Housing is one of the single most considerable costs people face in the modern world. Many people find they can easily spend a third of their income (or even more) to pay the rent or mortgage. This can mean all kinds of budget problems. Fortunately, there are ways to bring these costs down. It’s possible to reduce the amount of money you’re spending and still get the kind of housing arrangements that offer privacy, safety, and convenience. And decreasing your living expenses can lead to an increase in your quality of life.
Option 1: Downsize to a Smaller Apartment
If you’re a young person just starting in life, chances are you don’t need a lot of living space. The same is true of empty-nesters and people who are retired. Think about how much space you’re using right now. You might have a three-bedroom house when all you need are two bedrooms. That single additional room can cost you hundreds of dollars a month. Instead, look for smaller options. You’ll often be delighted at how much you can save by aiming for a one-bedroom or even a studio instead of something even a little bit larger.
Option 2: Move to a Less Expensive Area
Some areas are just more expensive than others; that’s just a fact of life. If you live in an expensive-housing area, you can shave lots of money off your housing costs by choosing to live elsewhere. Many cities have much cheaper housing options, and in the digital age, it’s often possible to work remotely. That makes it easy for people to head off to a different place and reduce the amount of money they pay in housing. You’ll save money on housing and see a brand new place at the same time.
Option 3: Get Roommates
Roommates are another way to reduce your housing costs. A roommate can help split your housing costs in half; multiple roommates can decrease your mortgage or rent even more. At the same time, bear in mind these arrangements can be highly complicated even if you’ve done it before. It’s a good idea to have your roommates sign an agreement before you agree to share housing. This way, you have something in writing if there are ever disputes down the line. Agreements don’t have to be complicated; you can find a roommate agreement template online and modify it to your needs.
Option 4: Airbnb
If you’re lucky enough to have a back house, mother-in-law suite, or other section of your home with a separate entrance, consider operating as a host on Airbnb. You don’t have to take in paying guests all the time; you won’t be running a rooming house. You can simply list your property on the service for just the dates you’re willing to play host, and mark it out the rest of the time. The extra money from Airbnb guests could help with your mortgage payments.
Option 5: Refinance Your Mortgage
In the last few years, mortgage interest rates have fallen by several points. If you have an older mortgage, now makes the perfect time to look into refinancing. This is a good choice if you’re planning to live in a given location for at least the next several years. There are initial fees that can run several thousand dollars. However, those fees can be rolled into the rest of the mortgage and paid off over time. In the meantime, you can benefit from reduced payments each month that still have a tax-deductible interest. Do a quick credit check and find out how much you can save.

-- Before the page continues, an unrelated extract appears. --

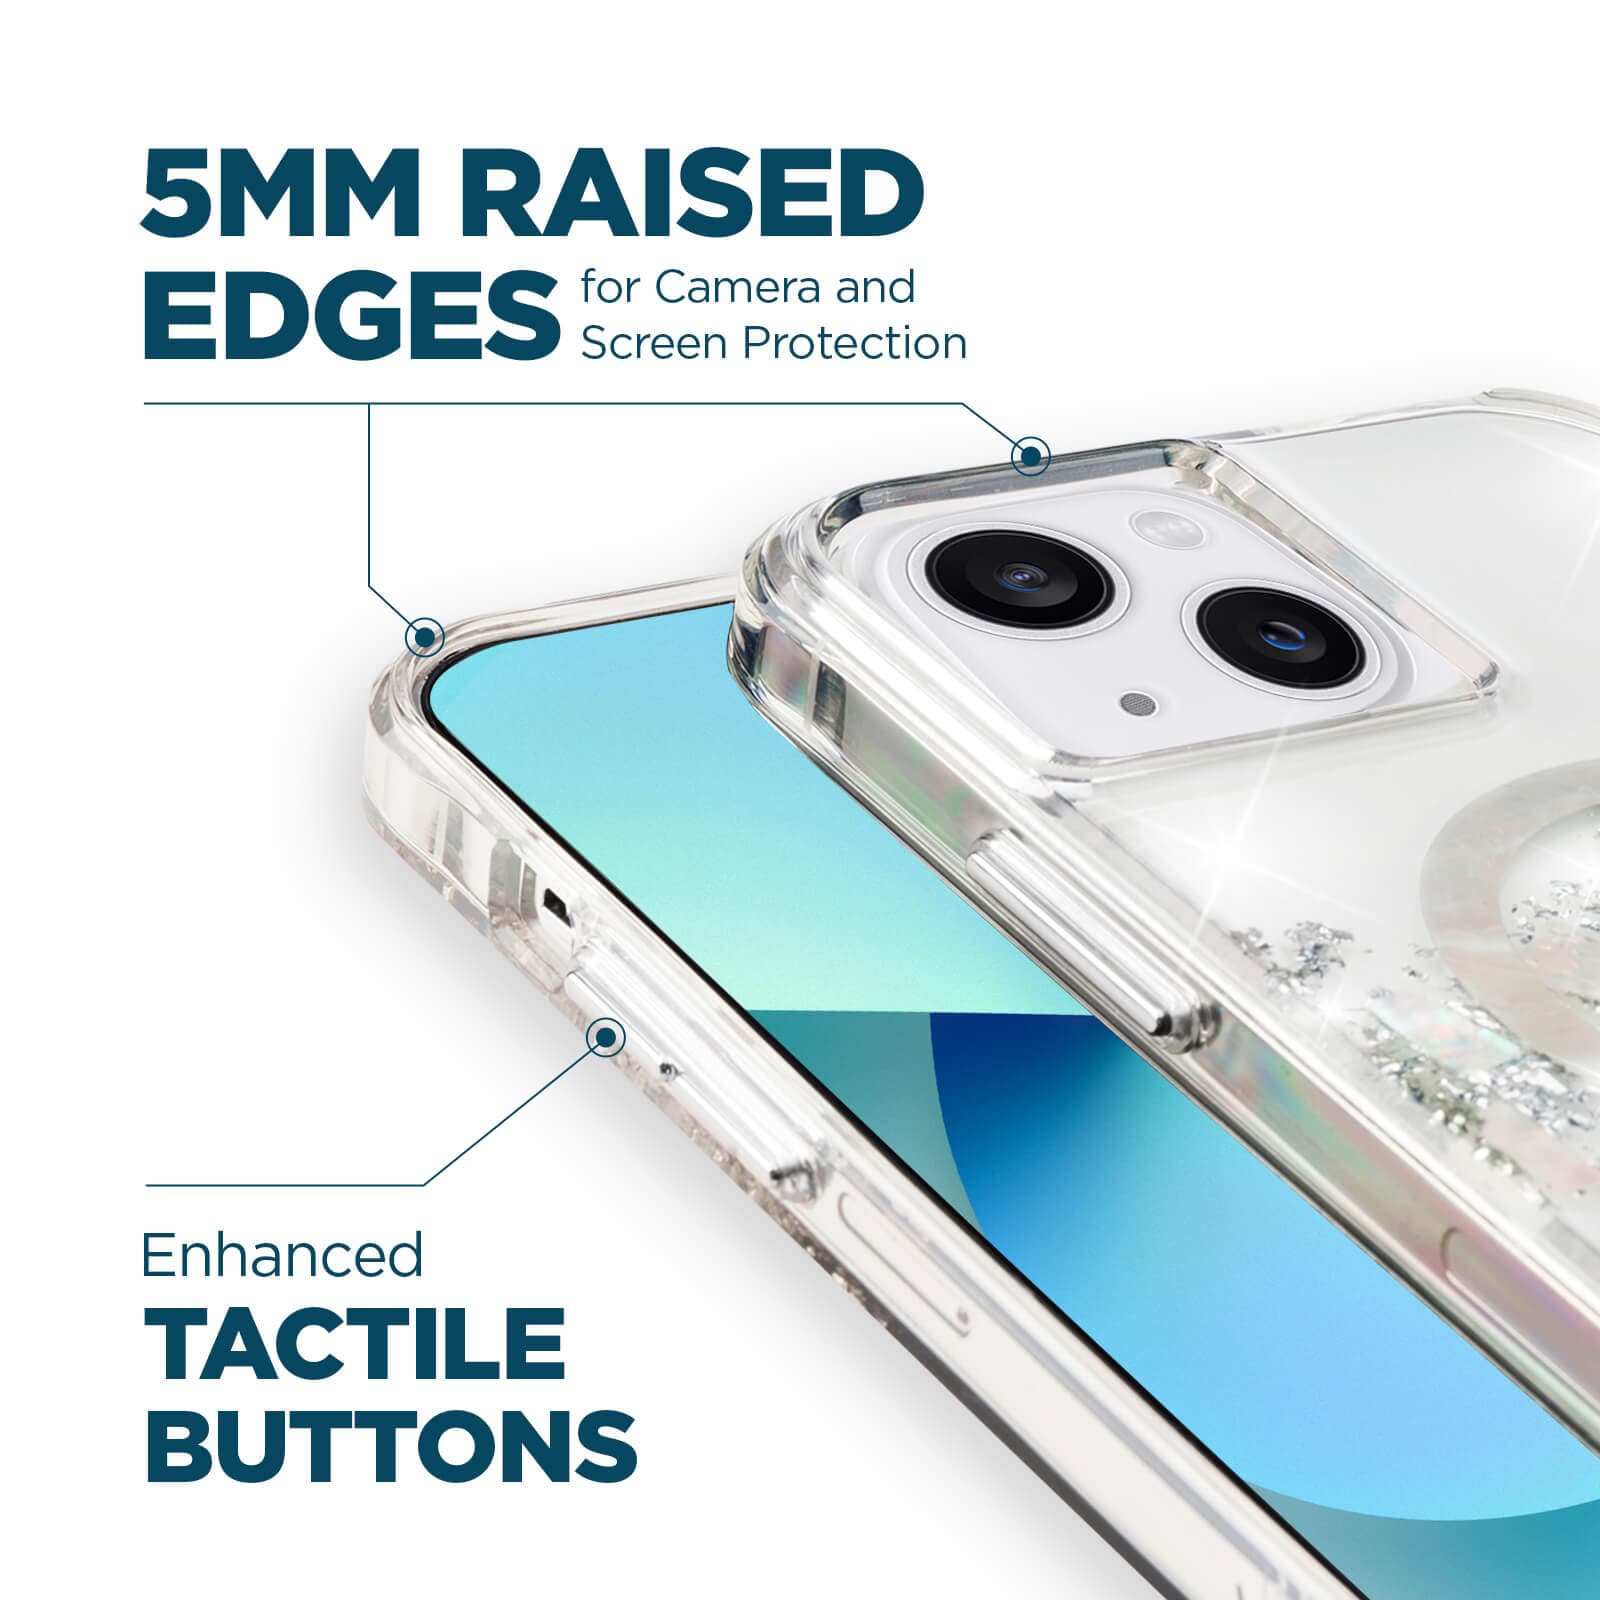 5mm raised edges for camera and screen protection. Enhanced tactile buttons. color::Pearl

Option 6: Co-Living Arrangements
Co-living arrangements where people share housing costs have become increasingly popular in recent years. These are all about living in a place with others at the same time. They can be informal or formal. If you know people who are looking for a place to live, ask them if they want to set up an arrangement for housing with you. In other instances, you’ll find specific co-housing arrangements that have already been set up by people in the area. You can often join them and share in housing expenses for vastly reduced rent.